TASK DIRECTIONS
Pictures do not belong in the copy. Output exactly the lines from the one containing "Ossington Art Gallery" to the end of the listing below.

Top of DATASET CONTENT

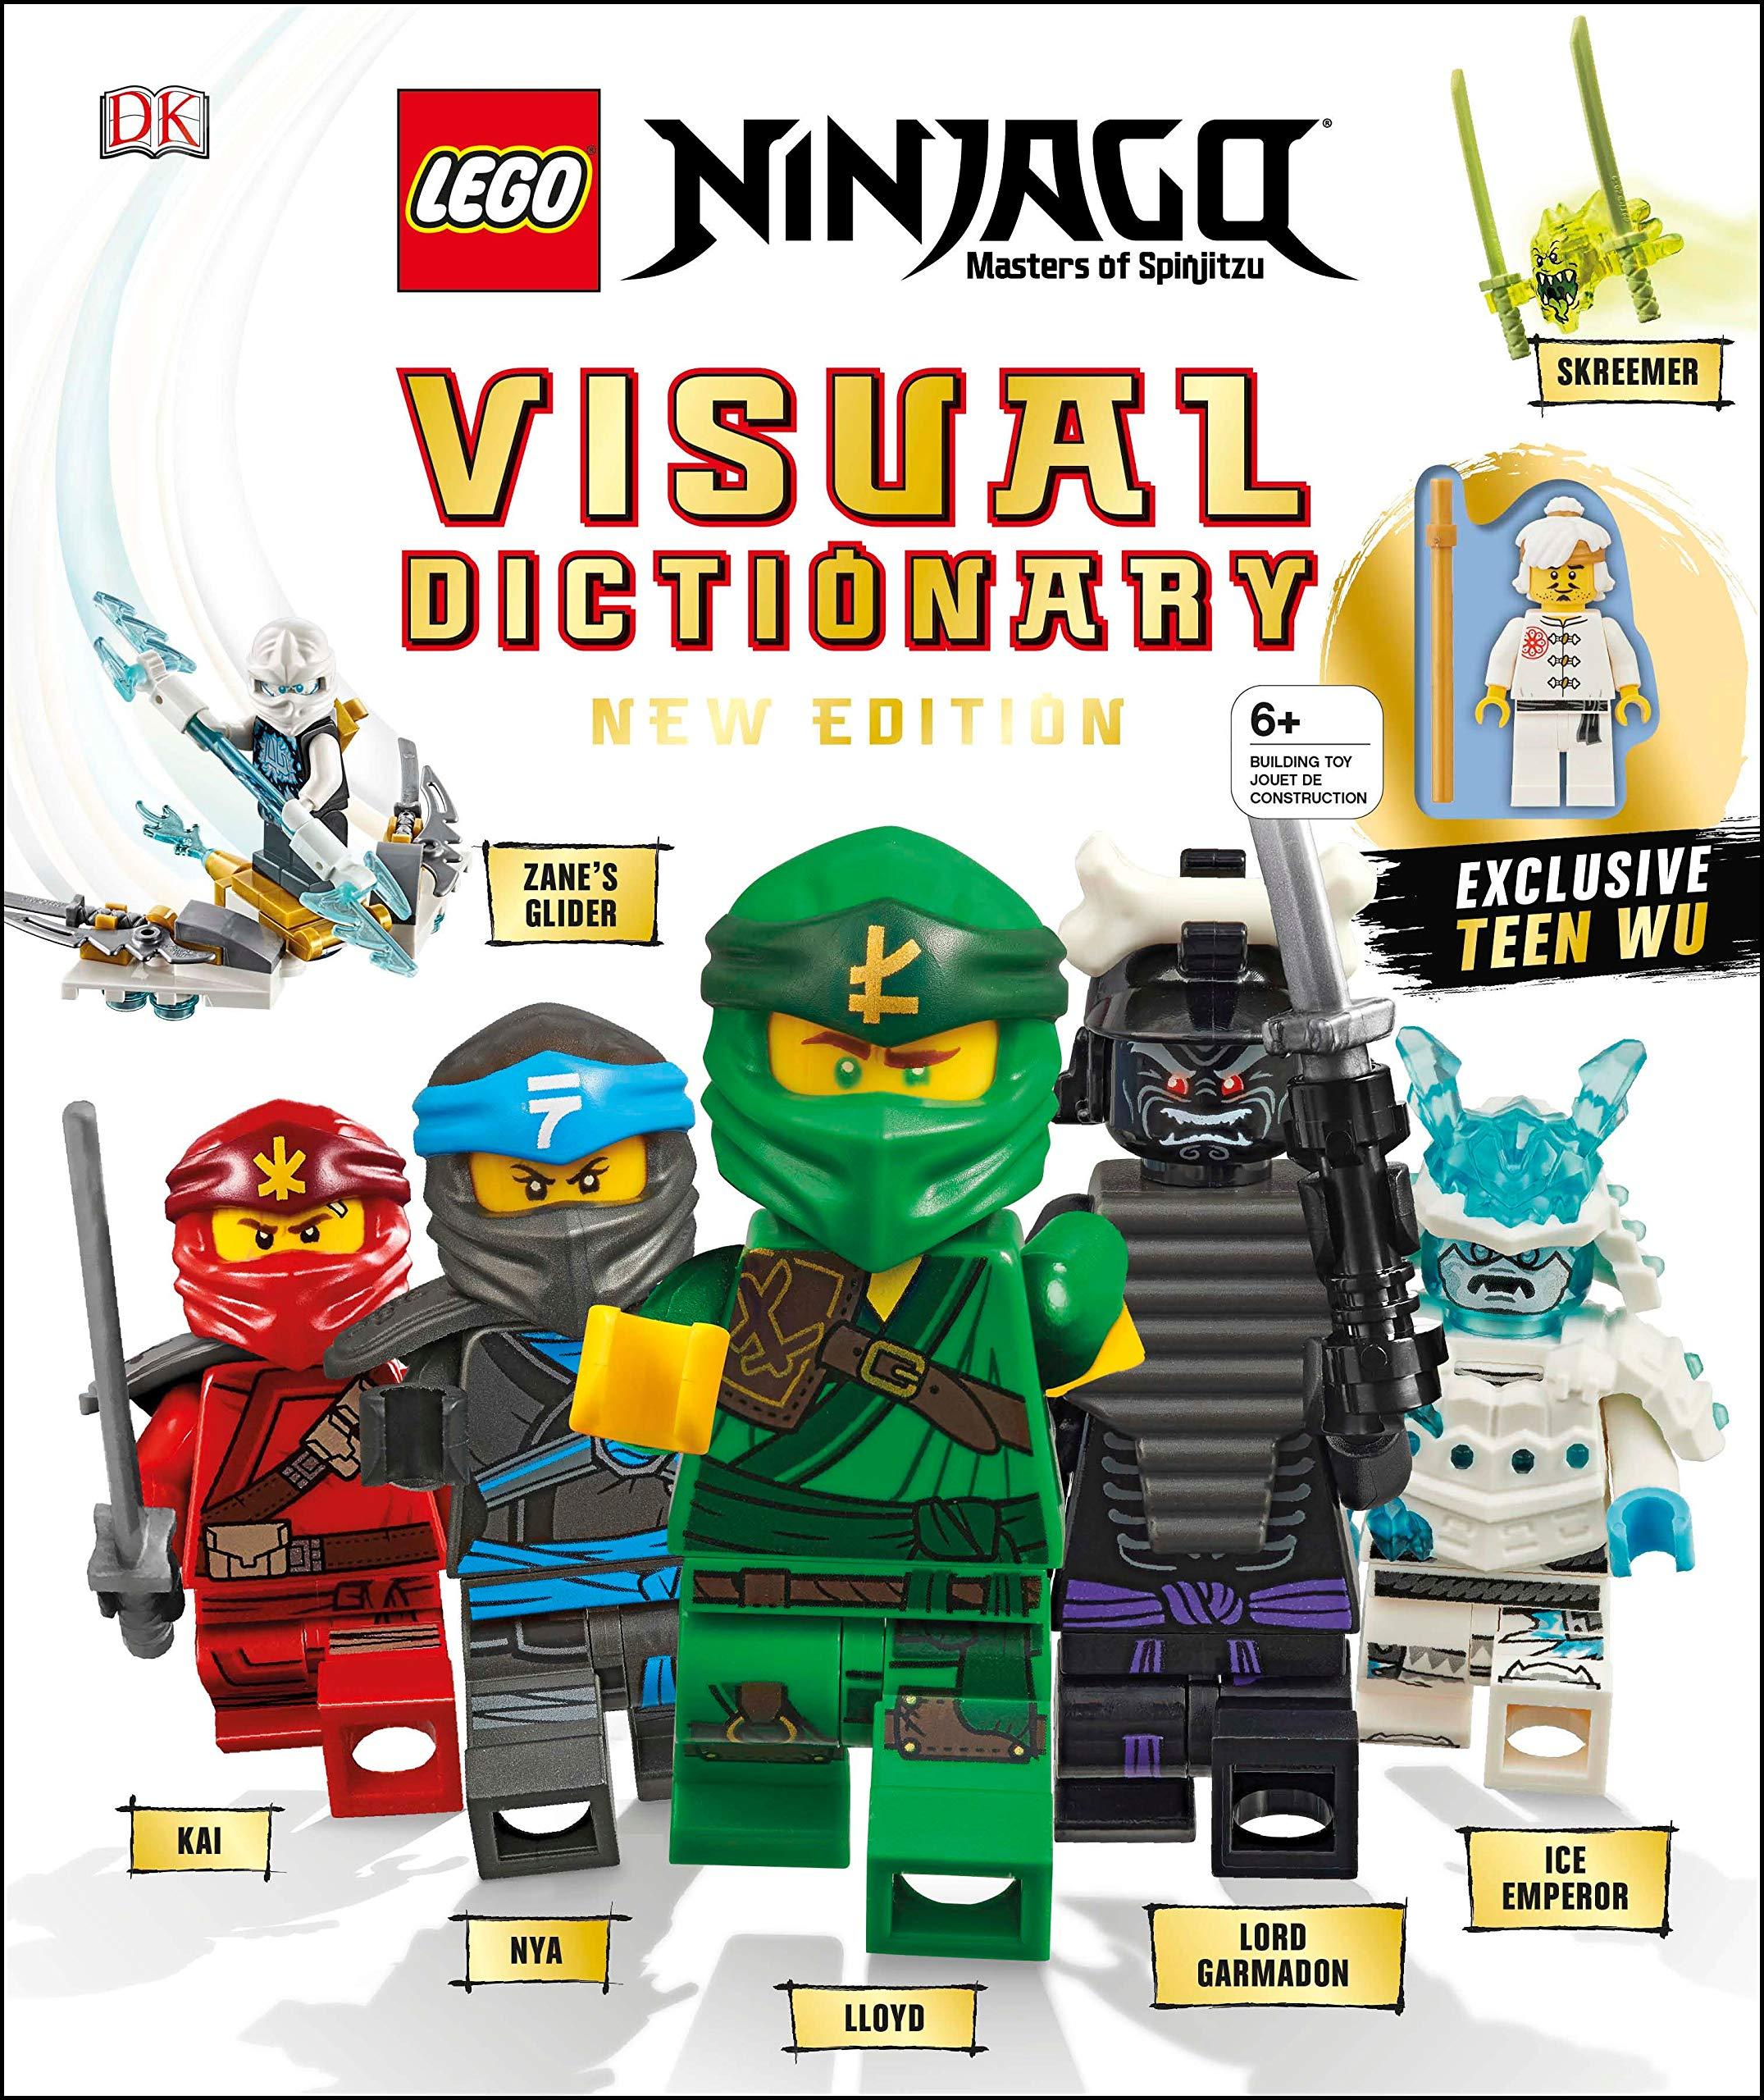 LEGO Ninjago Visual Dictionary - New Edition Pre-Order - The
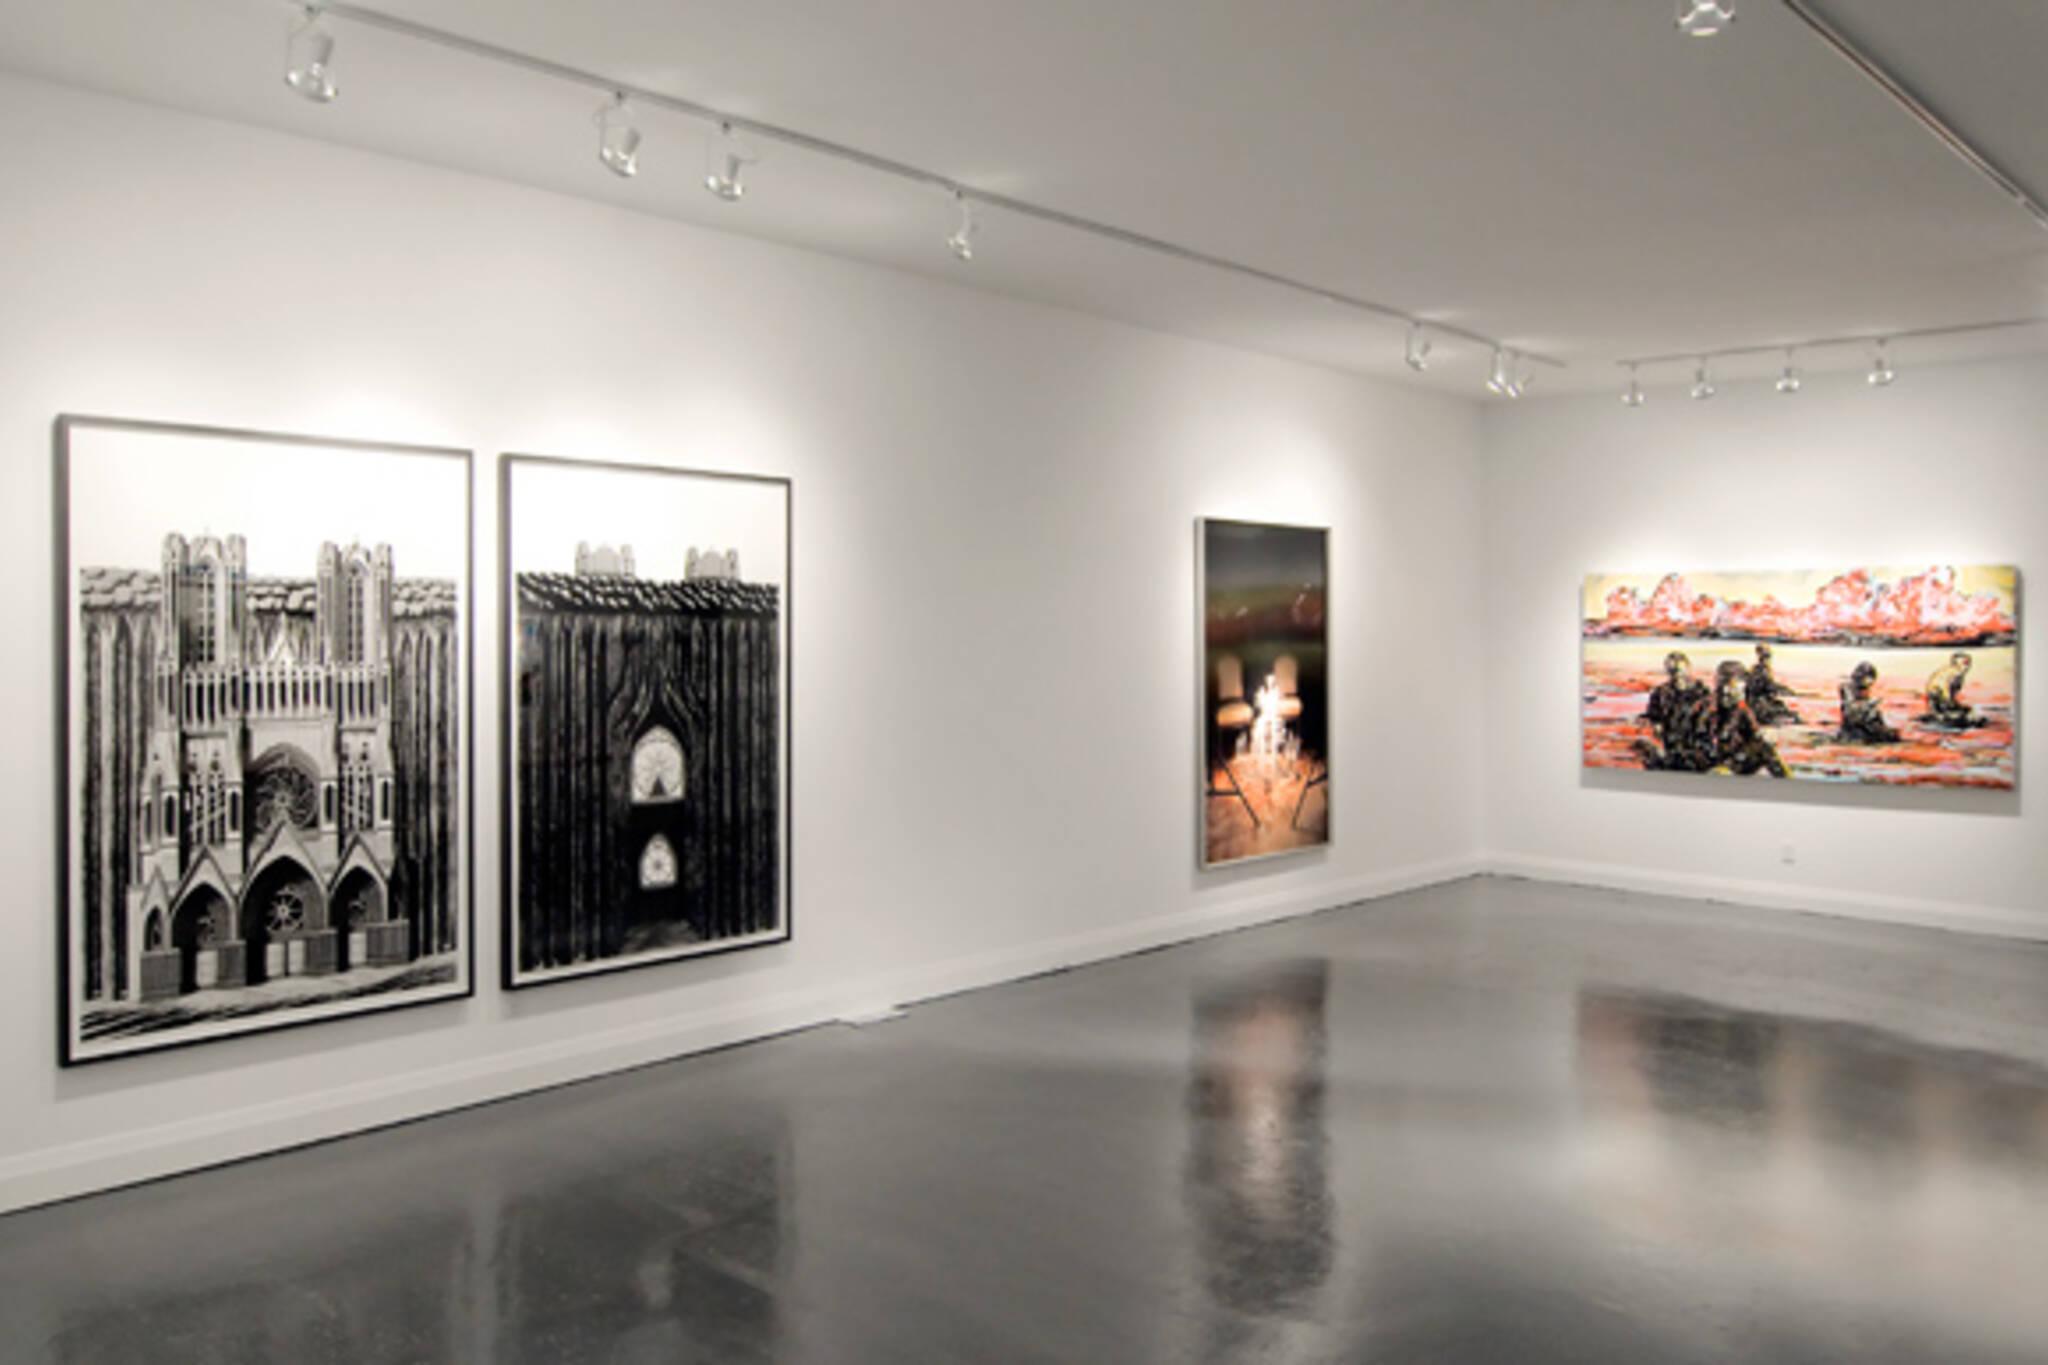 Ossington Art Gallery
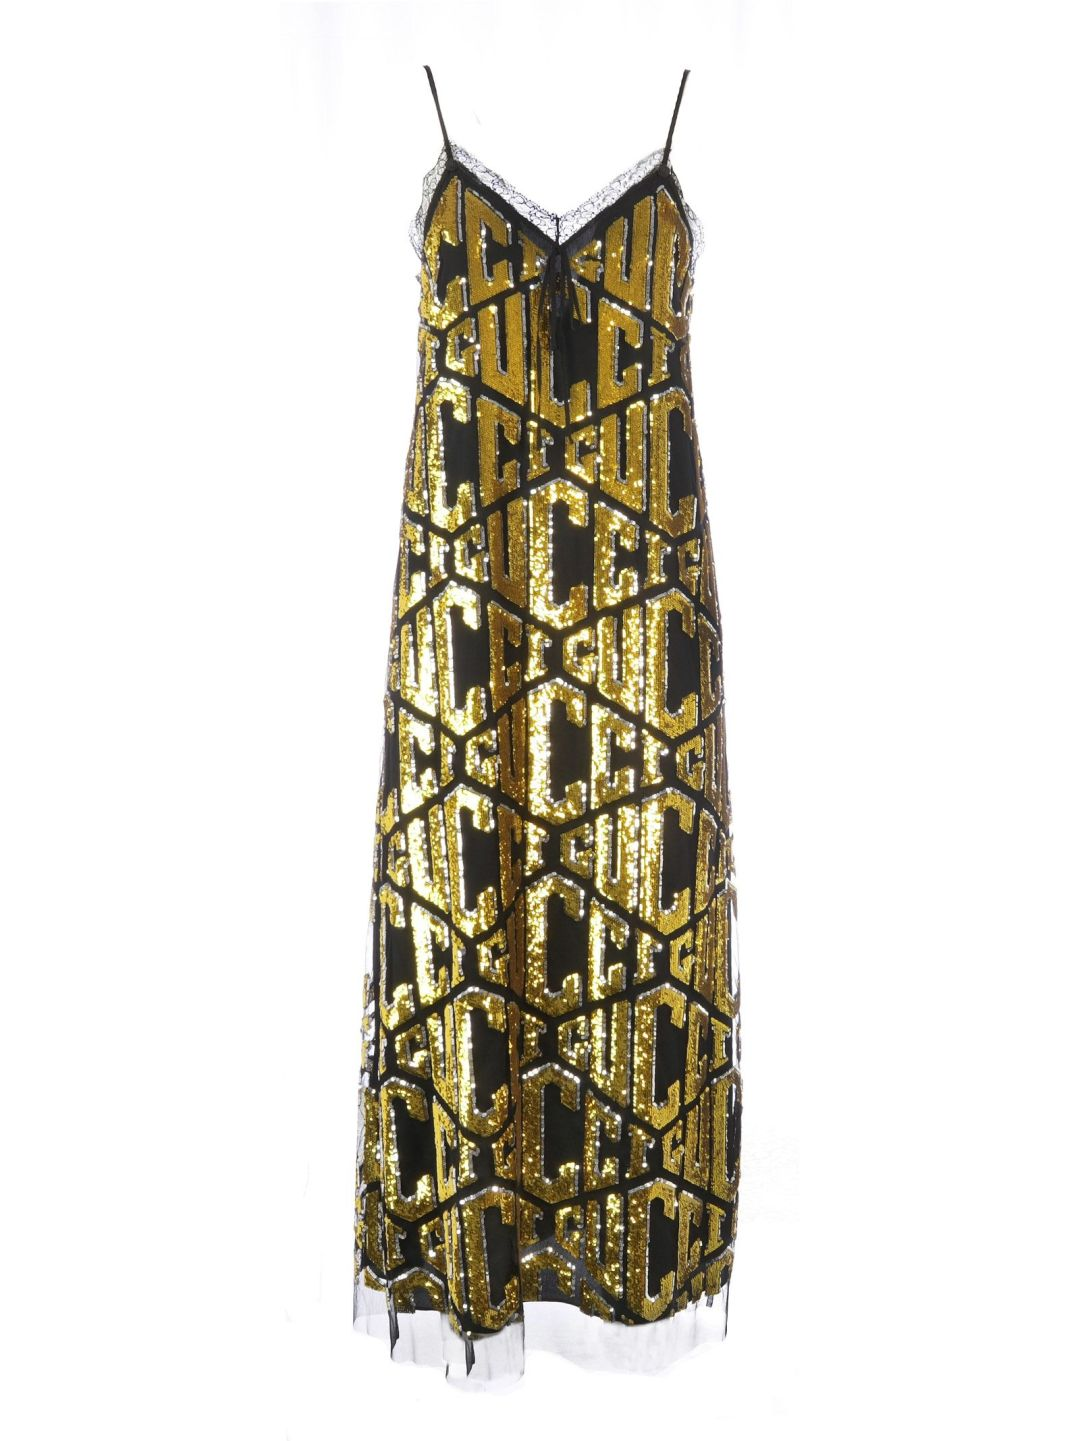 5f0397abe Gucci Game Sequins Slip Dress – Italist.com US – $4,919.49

Bottom of DATASET CONTENT

YOUR RESPONSE
 Ossington Art Gallery
 5f0397abe Gucci Game Sequins Slip Dress – Italist.com US – $4,919.49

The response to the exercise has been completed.